What’s happening: The Roto-Rooter corporate entity has been acquiring franchises to “boost productivity, market share, and profitability,” according to a statement. The two deals totaled roughly $20.6 million, with the territories covering a combined population of around 3.3 million.
- What they’re saying: The Fort Worth franchise will be a tuck-in to the company’s corporate-owned Dallas branch, and the San Francisco location will be a tuck-in to the corporate-owned East Bay branch, “which is essentially all of the territory around San Francisco,” Michael Witzeman, CFO of Roto-Rooter parent Chemed, told Homepros.

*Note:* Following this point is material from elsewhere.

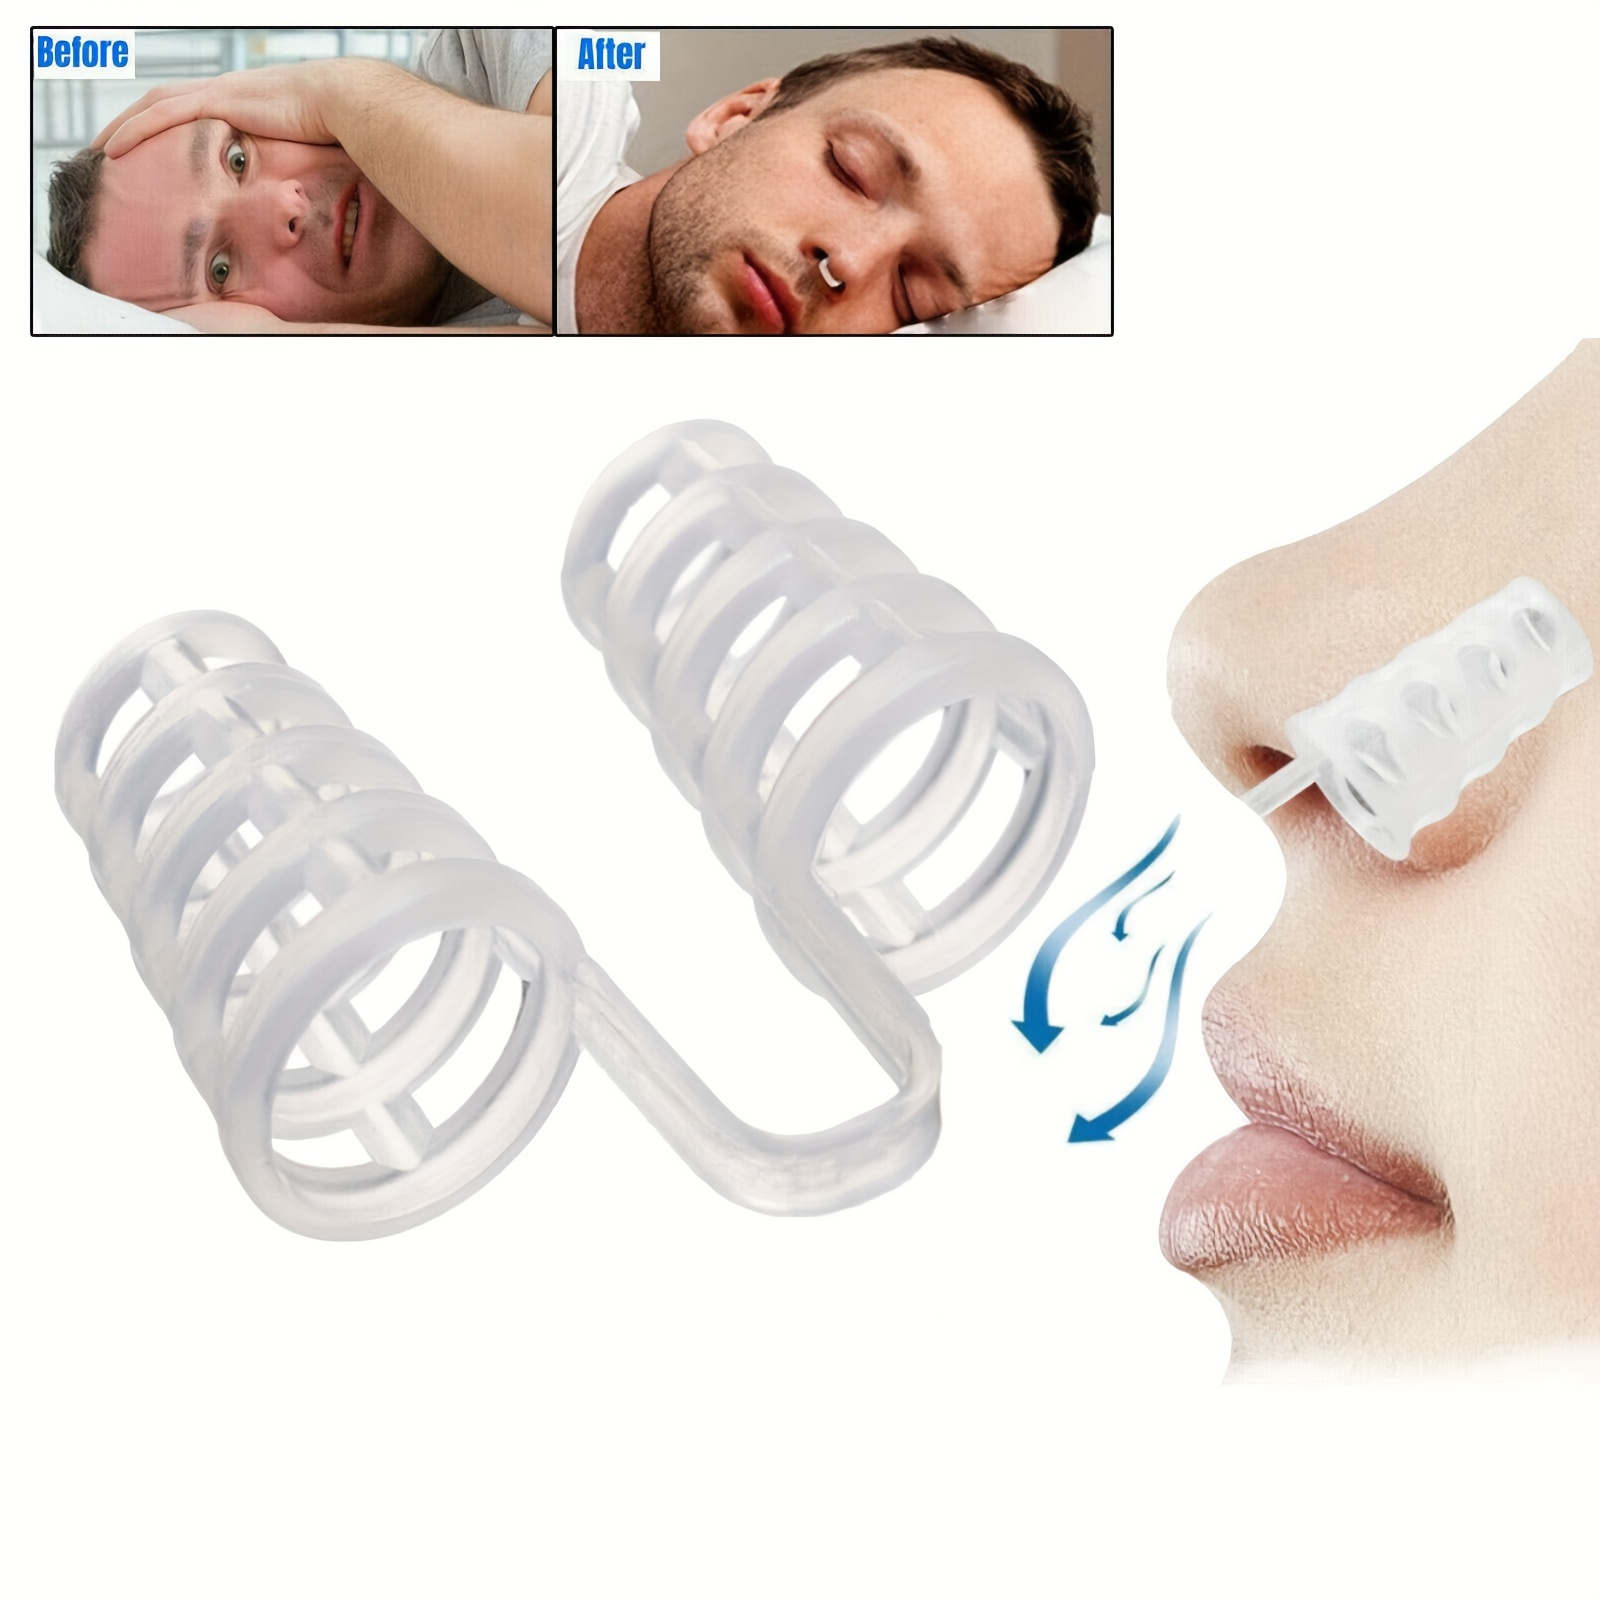  Dispositivos antironquidos, 4 clips magnéticos de silicona para  la nariz + 8 dilatadores nasales de silicona, solución para ronquidos,  cómoda nasal para aliviar los ronquidos, dejar de roncar, ayuda para dormir

The big picture: While Roto-Rooter once consisted entirely of franchises, the company stopped selling them about a decade ago, Witzeman said.
- “Since we’ve owned Roto [since the early 80s], we’ve bought back 51 of the largest territories in the country, and then 71 franchises in middle-market cities like Savannah, Georgia, [and] Louisville, Kentucky,” he noted. “And we definitely are interested in acquiring, particularly some of the larger ones that we still don’t own.”
- There are about 435 franchises spread across the country. “Over 90 percent of the U.S. population has access to Roto-Rooter services,” Witzeman said.